Мэтью Перл - Тень Эдгара По
На последнее утверждение Дюпон отреагировал кивком, хотя избегал смотреть мне в глаза.
— А теперь вы меня послушайте, мосье Кларк. Вы не представляете, как на первых порах меня раздражало ваше назойливое стремление видеть во мне Дюпена. Вскоре я догадался: надо прочесть рассказы По и присмотреться к вам — тогда я пойму, что именно вы и вам подобные с таким упорством ищут в этом персонаже. Прототипа Дюпена больше нет и не будет. — Приговор этот Дюпон произнес с облегчением и ужасом — странное было сочетание. Облегчение я связал с избавлением от тяжкого бремени — быть прототипом Дюпона, гениальным аналитиком; ужас — с необходимостью стать кем-то еще.
Нужно было открыть ему горькую правду, сказать: «Вы не Дюпен! Вы никогда им не были. У Дюпена вообще нет прототипов, Дюпен — чистейшая компиляция». Разве не ради этих слов хотел я еще раз встретиться с Дюпоном?

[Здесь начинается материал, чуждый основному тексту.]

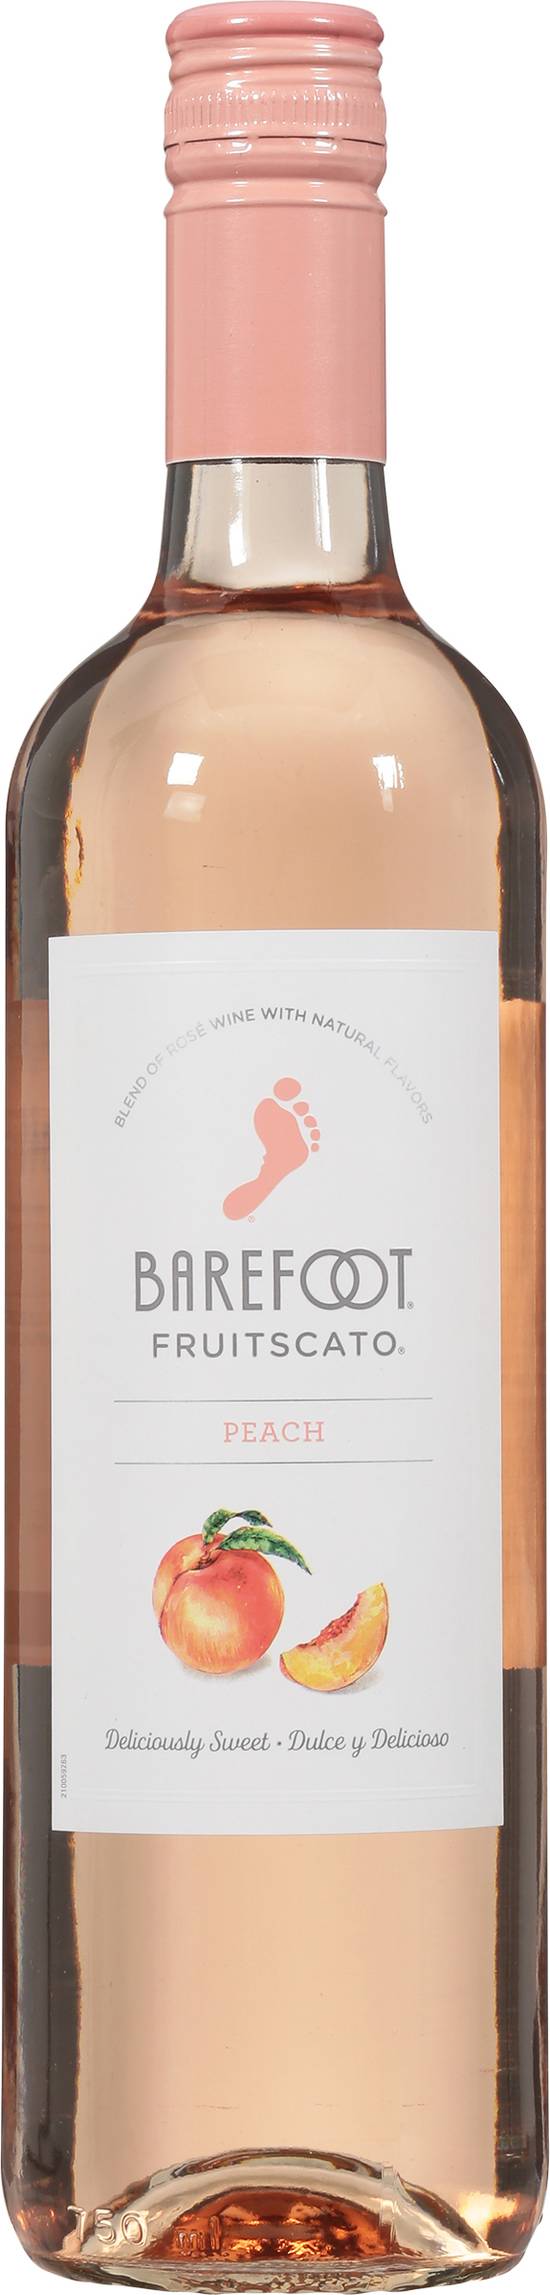 Barefoot Fruitscato Peach Rose Wine (750 ml)

Разве не двигало мной намерение заставить его ощутить боль утраты? Разве не жаждал я отнять у него нечто и оставить совсем одного, без намека на поддержку?
Но я ничего не сказал.
Ибо мне вспомнились слова Бенсона о том, как опасны для восприимчивых душ произведения Эдгара По, с какой стремительной необратимостью читатель низвергается в водовороты ритма и образов. Быть может, Дюпон тоже однажды очутился в мире По и поверил, что является Дюпеном. Действительно, у него прав на мир, созданный По, больше, чем у любого из нас; да и кто поручится, что данное обстоятельство не сделало Дюпона воплощением персонажа, впервые встреченного мной в «Грэхеме»? А уж причина он или следствие — не важно.
— Куда же вы теперь отправитесь, мосье Дюпон?
Вместо ответа он задумчиво констатировал:
— Поистине, сударь, в вас немало замечательных черт.
Не знаю почему, только этот комментарий потряс меня, заставил воспрянуть духом и попросить пояснений.
— Видите ли, есть люди, которые привязаны к своему статусу. Они просто не в состоянии пребывать среди низвергнутых, пропавших, конченых, забытых — пусть даже сами уверены в своих достоинствах. Я сам был таким и в Париже, и здесь — до недавнего времени. Что касается мосье По, он бунтовал до последнего своего часа. А вы, мосье Кларк, в любой момент могли все бросить, однако не бросили. Что вы станете говорить в суде?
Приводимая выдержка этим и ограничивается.